• [AIM OF THE TASK] Repeat the data exactly. Pictures are not part of the copy.

• [MATERIAL PROVIDED]
▬▬▬
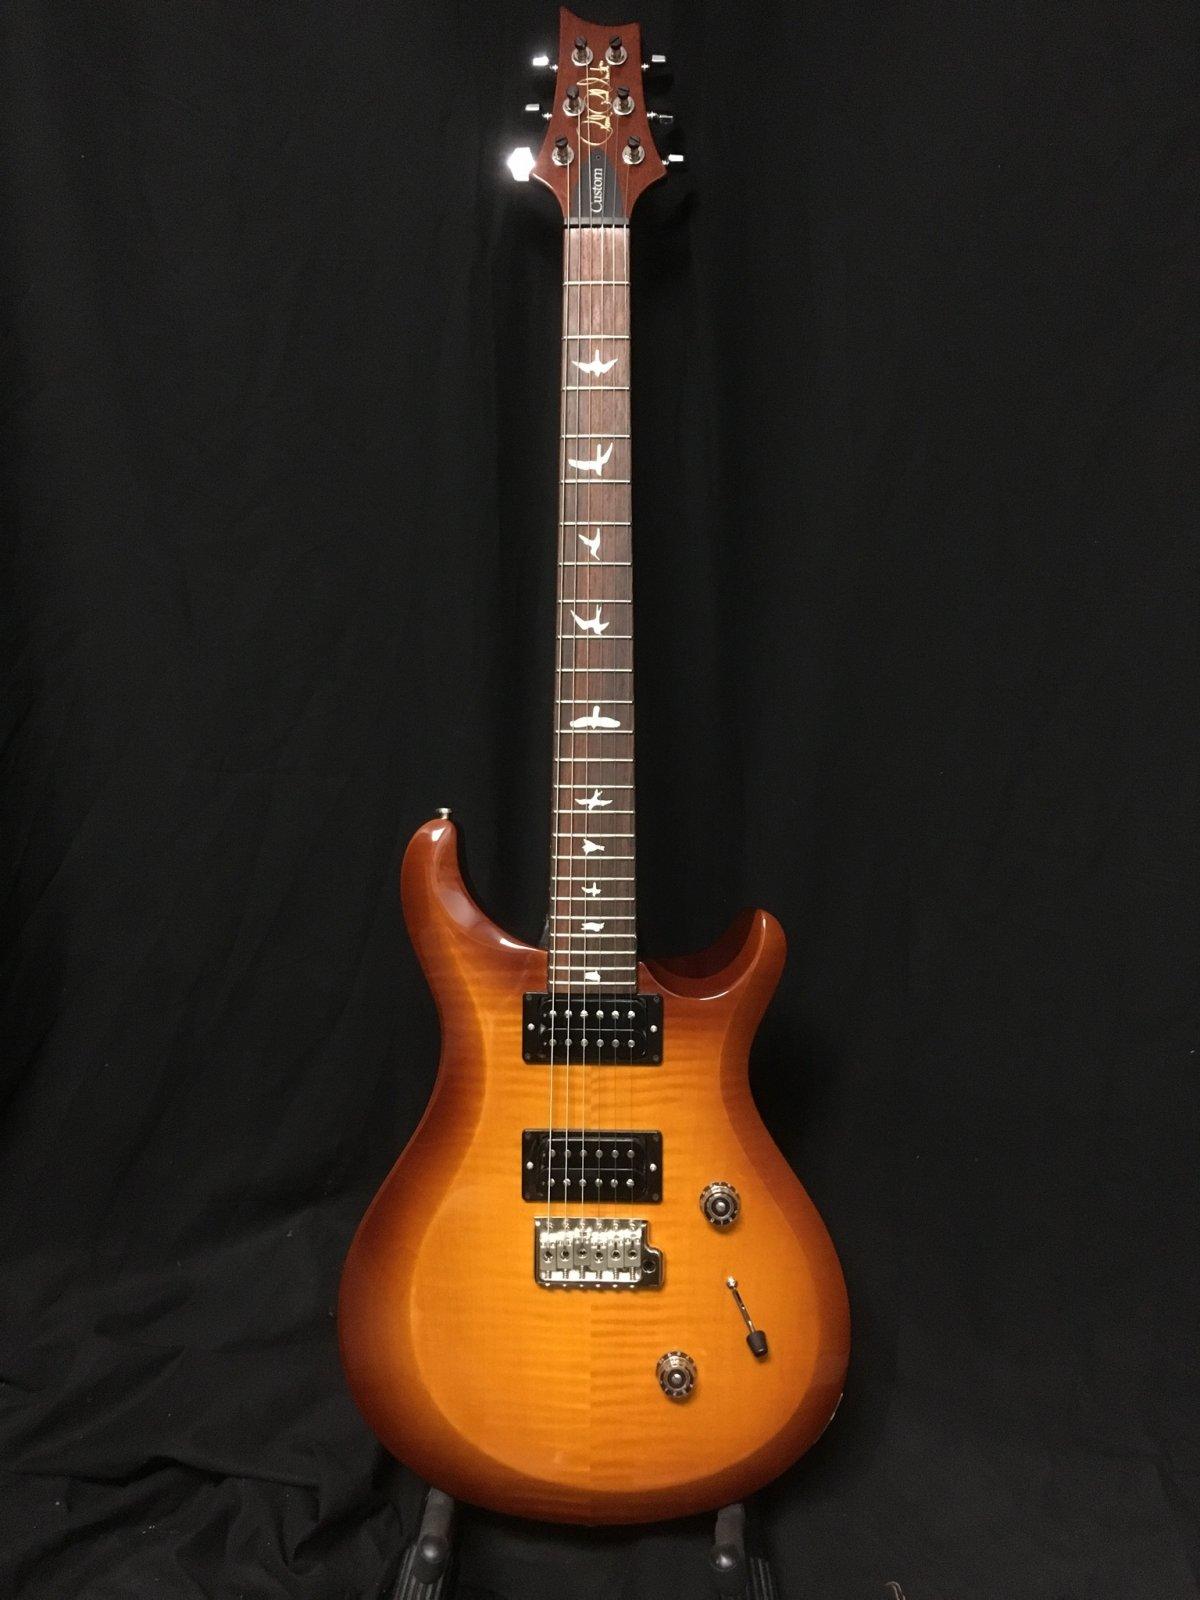 PRS S2 Custom 24 - Violin Amber Sunburst - 2018
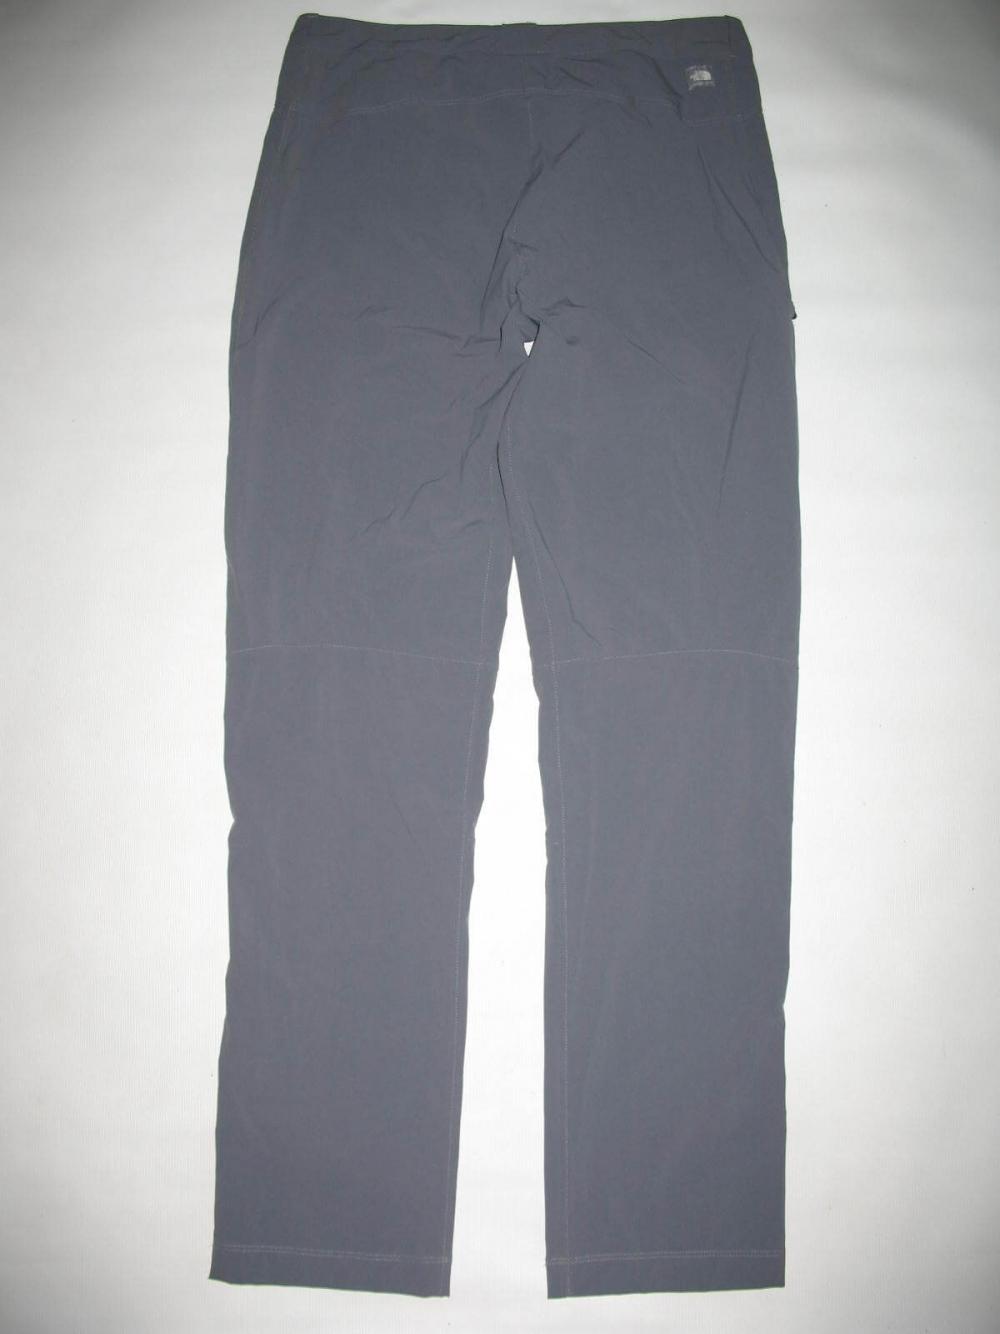 THE NORTH FACE trekking pants lady/unisex (размер 8/M) - 1
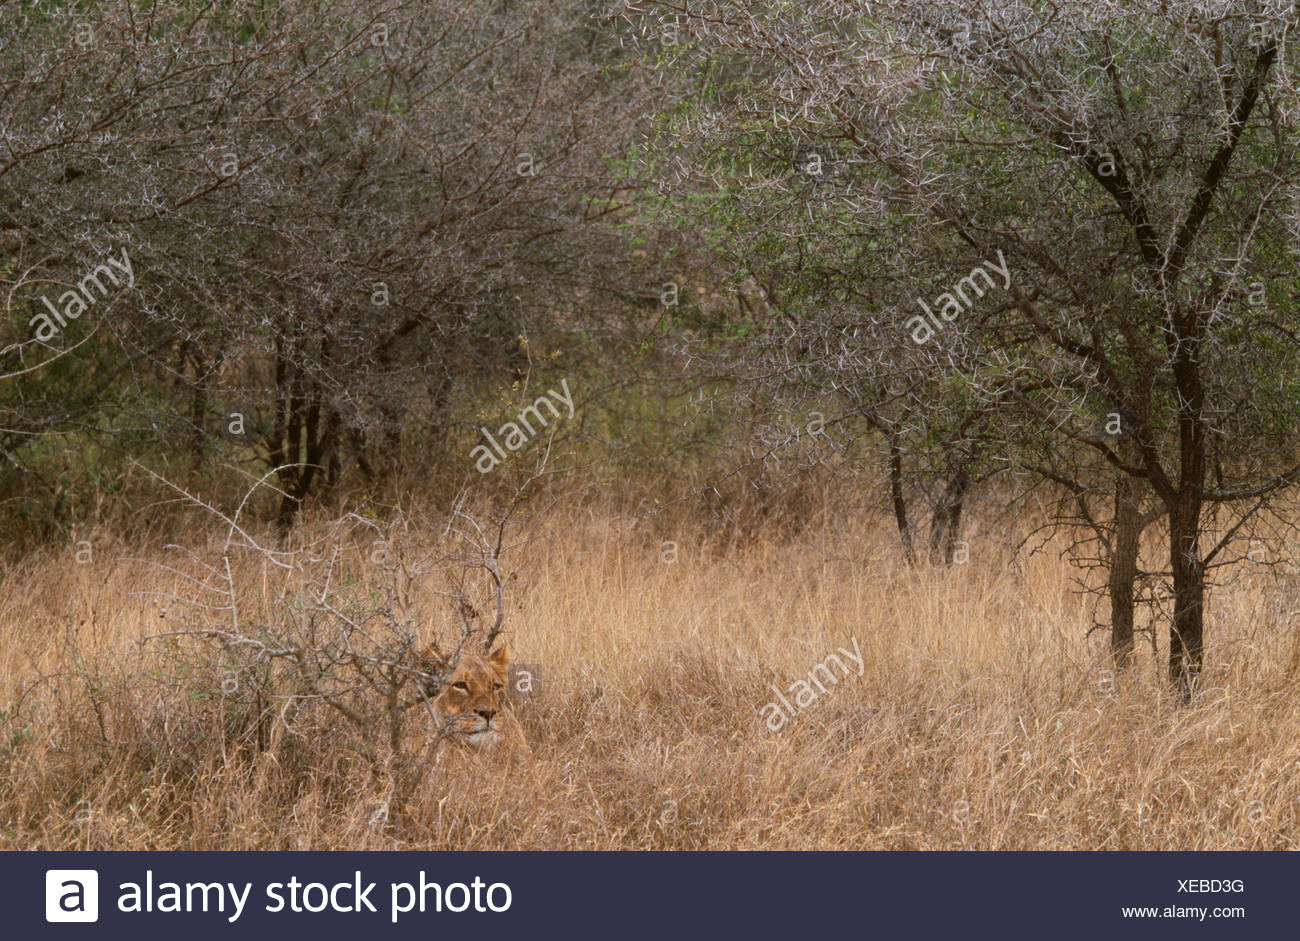 Afrikanischer Löwe, Tembuvate Preserve, Südafrika Stockbild
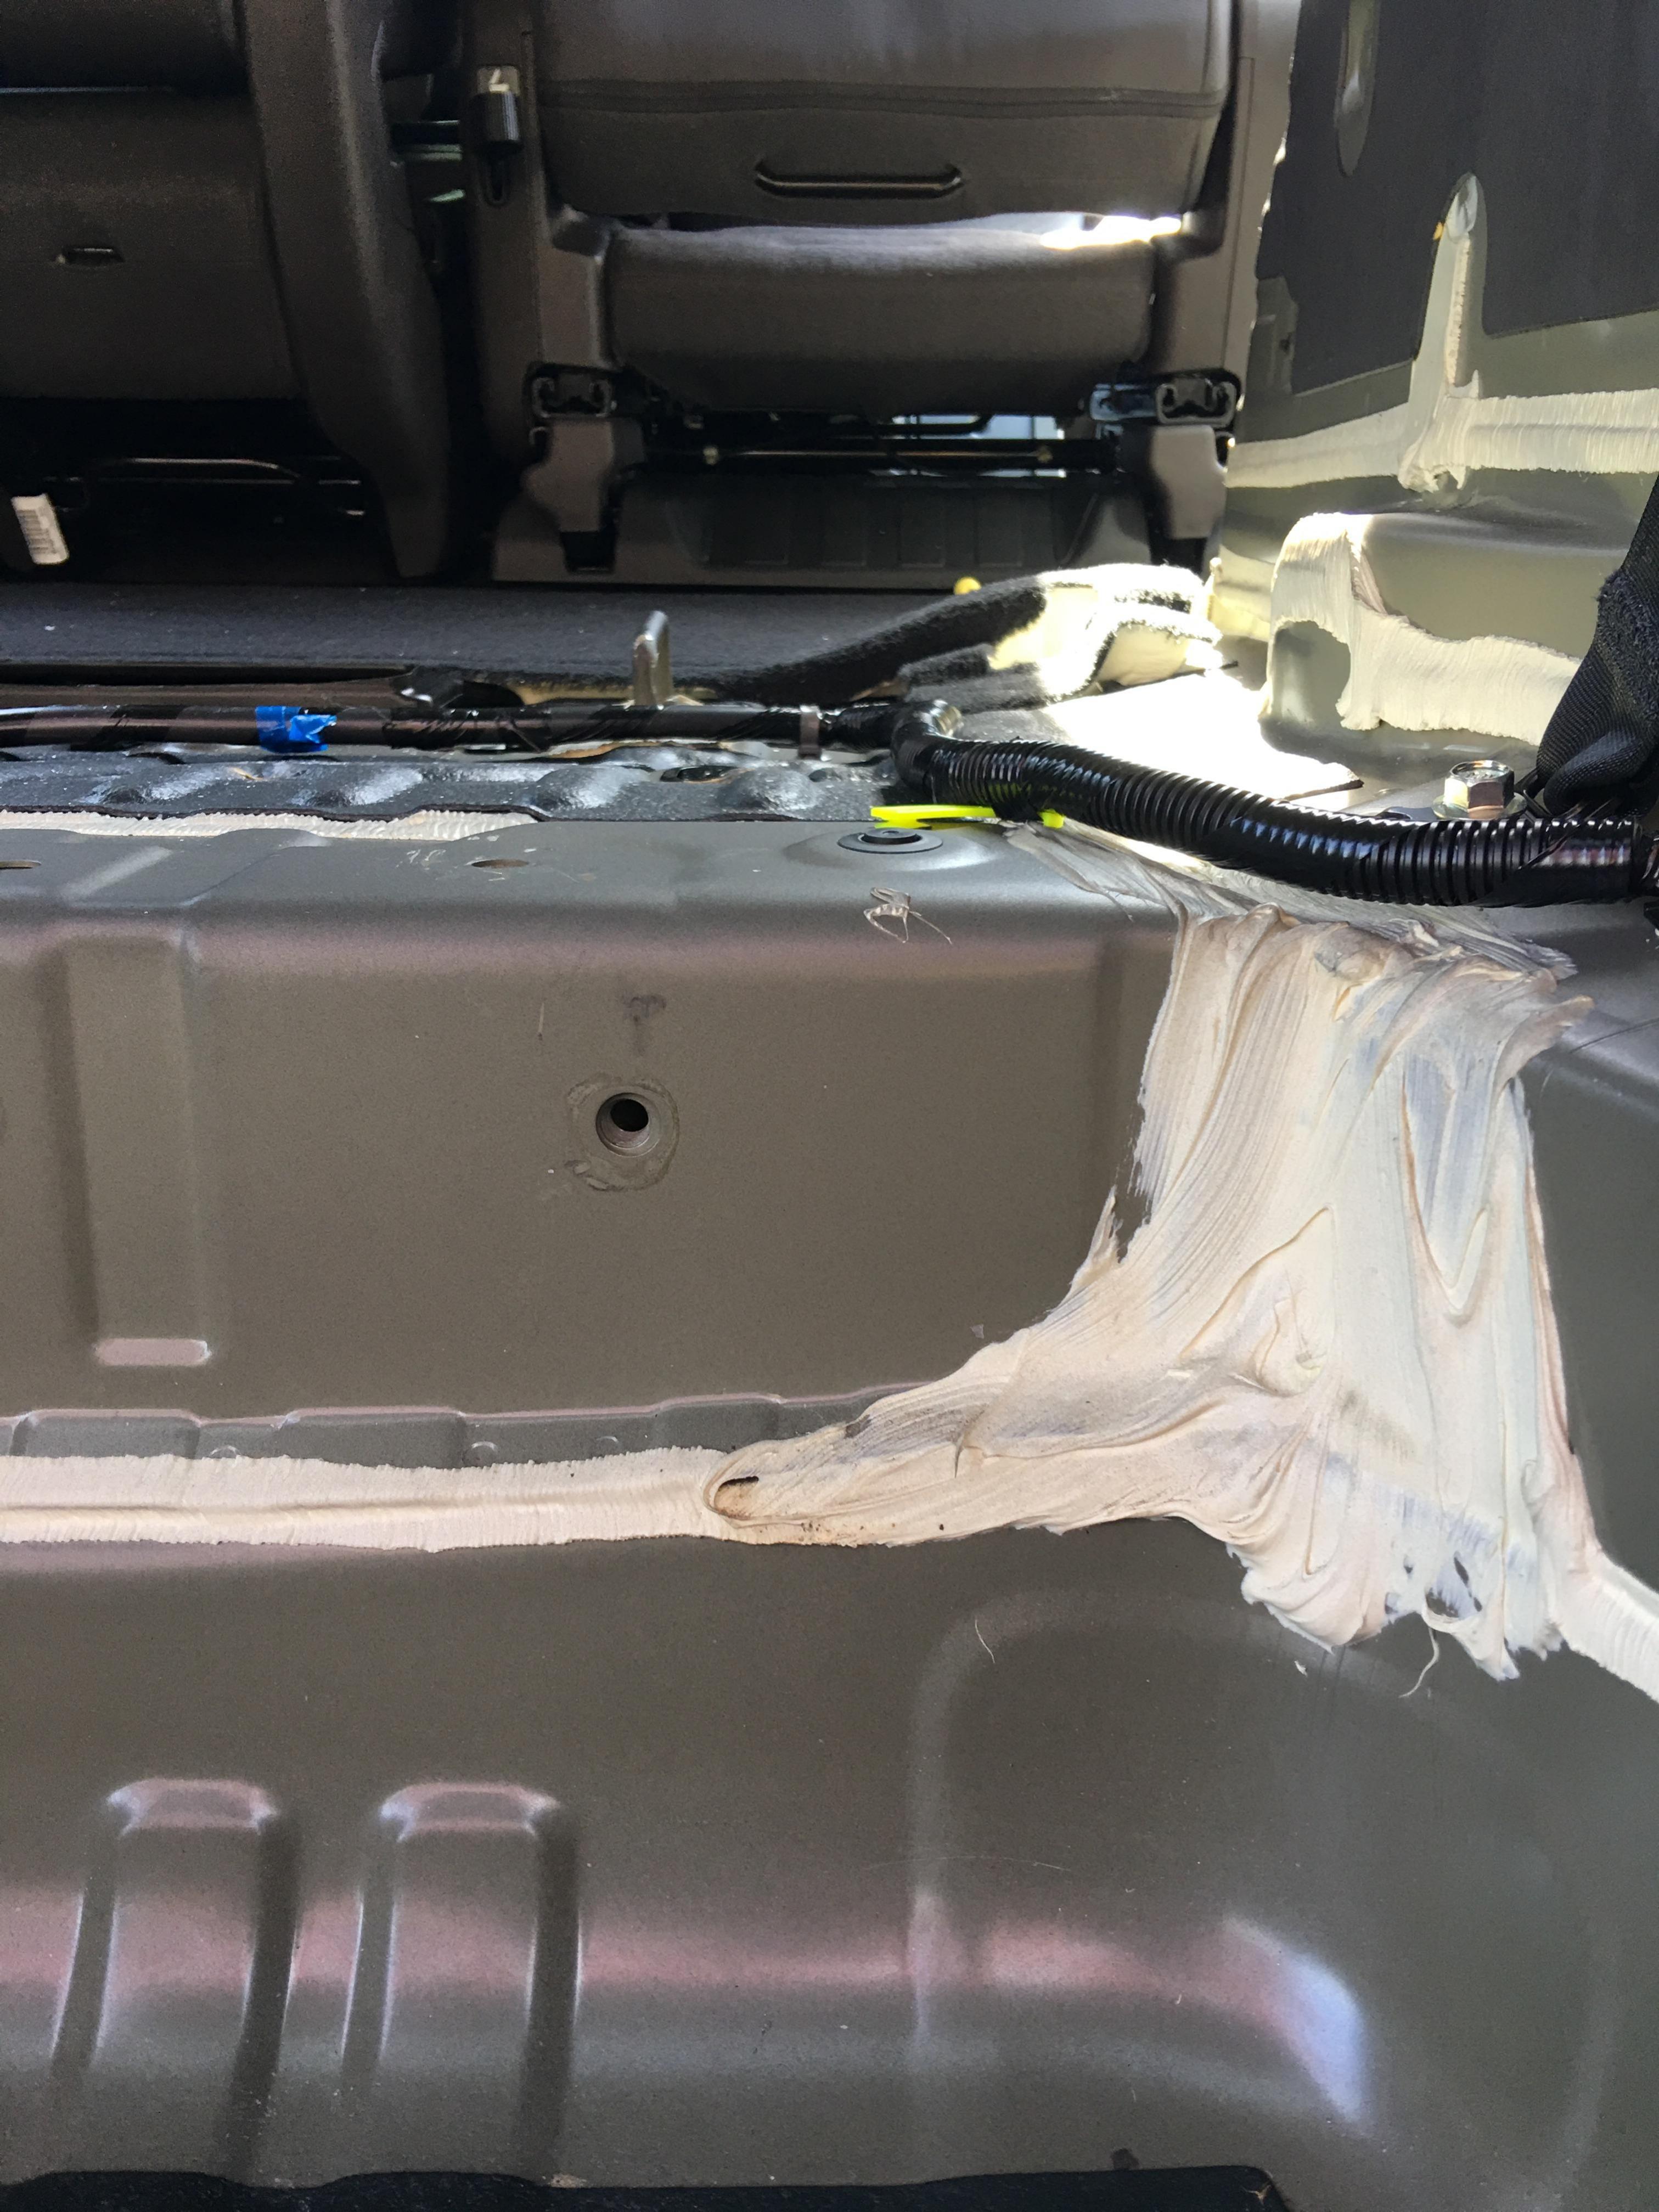 Rear Cargo Hold Floor Pan Seam Seal Water Intrusion-1f015fd5-42ab-47fc-9ebd-0b27dad9970d_1555455359903.jpg
▬▬▬
• [EXERCISE SOLUTION]
 PRS S2 Custom 24 - Violin Amber Sunburst - 2018
 THE NORTH FACE trekking pants lady/unisex (размер 8/M) - 1
 Afrikanischer Löwe, Tembuvate Preserve, Südafrika Stockbild
 Rear Cargo Hold Floor Pan Seam Seal Water Intrusion-1f015fd5-42ab-47fc-9ebd-0b27dad9970d_1555455359903.jpg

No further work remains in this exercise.